Brian Pike's logo for The Who, designed for their first gig at the Marquee was adopted more by their audience, often used on badges kick-starting a symbiotic relationship between logo and badge that came to fruition in Punk, than the band who never used it on their record covers. It might be one of the first and strongest examples of the logo within music. It is also interesting for being specifically tailored to the band, whereas the following three icons osmotically attached themselves to bands.
Andy Warhol's deterritorialisation at the boundaries of Art and Commerce is evident in his design for The Velvet Underground's first LP, which though not strictly a logo, has served as one de facto ever since.
Legendary art-dealer Robert Fraser visited Paul McCartney's house in the late sixties, and finding Beatle Paul engaged elsewhere left Magritte's "Le jeu de mourre" (depicting an apple) on his dining room table and showed himself out. The Apple was subsequently used as Apple Corp's logo. On some metaphysical level the tussle between Apple computer and Apple corps has, as much as over the word apple, foundered on control of this image and all it represents. There is, however, a distinction to be drawn between the untouched Apple (temptation) and designer Regis McKenna's Apple with a bite taken out of it (yielding to that temptation).
In 1971 in equally cosmic circumstances 1971 Mick Jagger showed 25-year-old John Pasche an image of the Hindu Goddess Kali, always represented with her tongue sticking out, and asked him to design a logo for their record company based upon it. Now the image is synonymous with The Stones themselves.
Art-Rock through-out the 1970s enjoyed playing with the logo. Progressive bands like Yes, Magma and Neu! devised logos full of Pop-Art panache. One can't imagine a band like Camel getting away with a sleeve like theirs for "Mirage" today.
The ABBA logo is worth mentioning for its sheer conceptual beauty mirroring as it does the pairing of couples Agnetha and Björn with Benny and Anni-Frid.
Koldo Barroso makes the excellent point that throughout the 1970s Heavy Metal bands were quick to grasp the importance of the logo highlighting KISS and ACDC's logos. Many other Heavy Metal bands sported equally notable logos, Led Zeppelin having not one (the cover of their first LP), not two (the Swansong Image) but six (all the band's icons from the cover of
Led Zeppelin IV).
Logos within Funk were, compared to Rock, relatively scarce. The same applies to both Reggae and (perhaps surprisingly given its connection to Graffiti) Hip-Hop. Each which largely avoid, even through elaborate theoretical engagement, toeing the corporate line. In the case of Parliament and ZAPP their motivation is playful. Public Enemy's on the other hand smacks of media intervention. With the Ruff Ryders logo, a deliberately corporate mark, we come full circle.

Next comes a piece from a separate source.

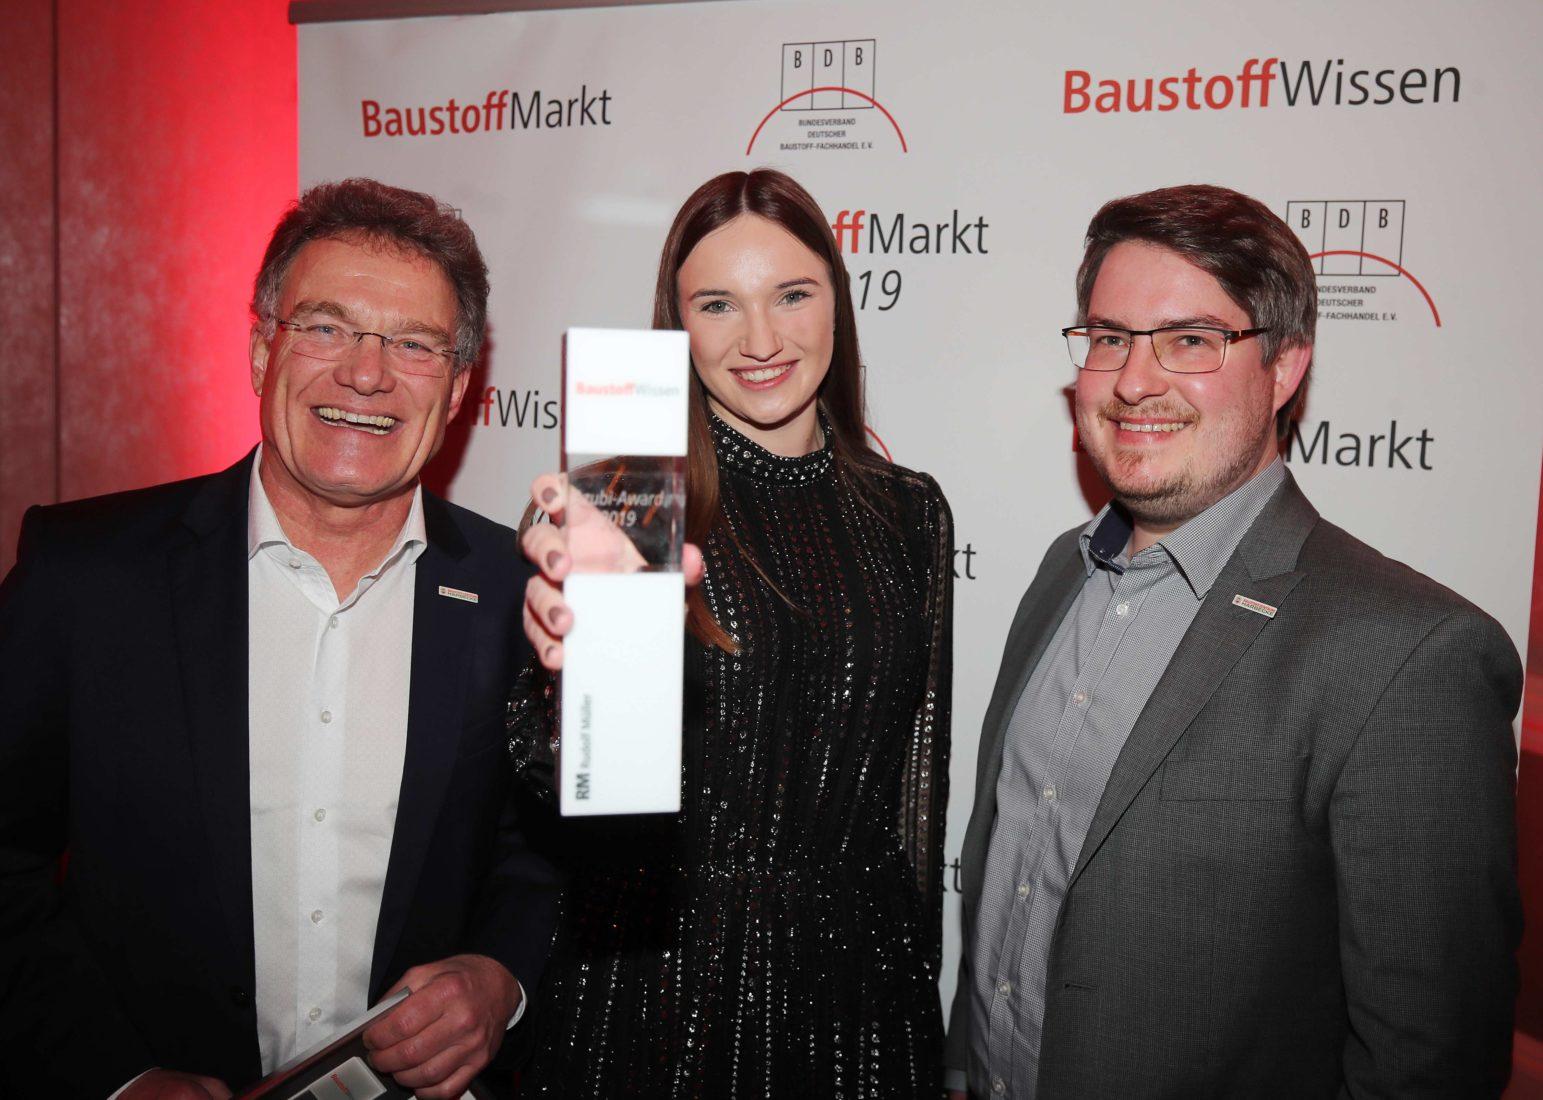 Hartmut Buhren, Anna Swertz und Timo Buhren (v. l.) nahmen den Azubi-Award entgegen. Foto: Redaktion/Thomas Kiehl

Jamie Reid's design for the Sex Pistols logo was lifted from his cover for “God Save The Queen.” It is an exquisite example of iconographic terrorism, crafted to penetrate the media's consciousness at a time when the use of logos was still sporadic. Perhaps unsurprisingly John Lydon went on to explore the power of the logo. P.I.L were initially organised as a communications company, as "business radicalised.” Dennis Morris designed the logo based on "an aspirin.” It seems remarkable in hindsight that neither the Human League nor Heaven 17, self-styled corporate pop-entryists didn't manage to concoct logos for themselves.
Peter Saville's Factory Records logo is cut from the same conceptual cloth as the P.I.L logo. As such label logos are two a penny (from Trojan to EMI) and Saville didn't go as far as his colleague Malcolm Garrett's design for a logo for a band itself, the famous Buzzcocks mark which received a witty over-haul at Garrett's hands last year.
Early records by Swiss Art-rock band the Young Gods innovatively featured the same logo applied to a variety of surfaces, including one cut into flesh. Key to a band's relationship to a logo is their willingness to stick with it through thick and thin, long enough for its audience to latch onto it, and beyond.
Husker Du certainly passed the test!
Acid House spawned a thousand logos, most often in the shape of label identities, but it was surely remarkable for being the first entire musical culture to have a logo. Honorable mentions should go to the logos of the Aphex Twin, LFO, and Daft Punk. From the early nineties onwards the idea that a band should have its own identifiable logo was practically commonplace.
It's within this visual climate that we must consider Prince's decision in 1993 to represent himself solely as a graphic icon. This was possibly the last truly interesting intervention in the history of the band logo. With something like the Oasis logo one can almost, depressingly, imagine the record company handing out guidelines as to its correct size in print and which colors it shouldn't be rendered in.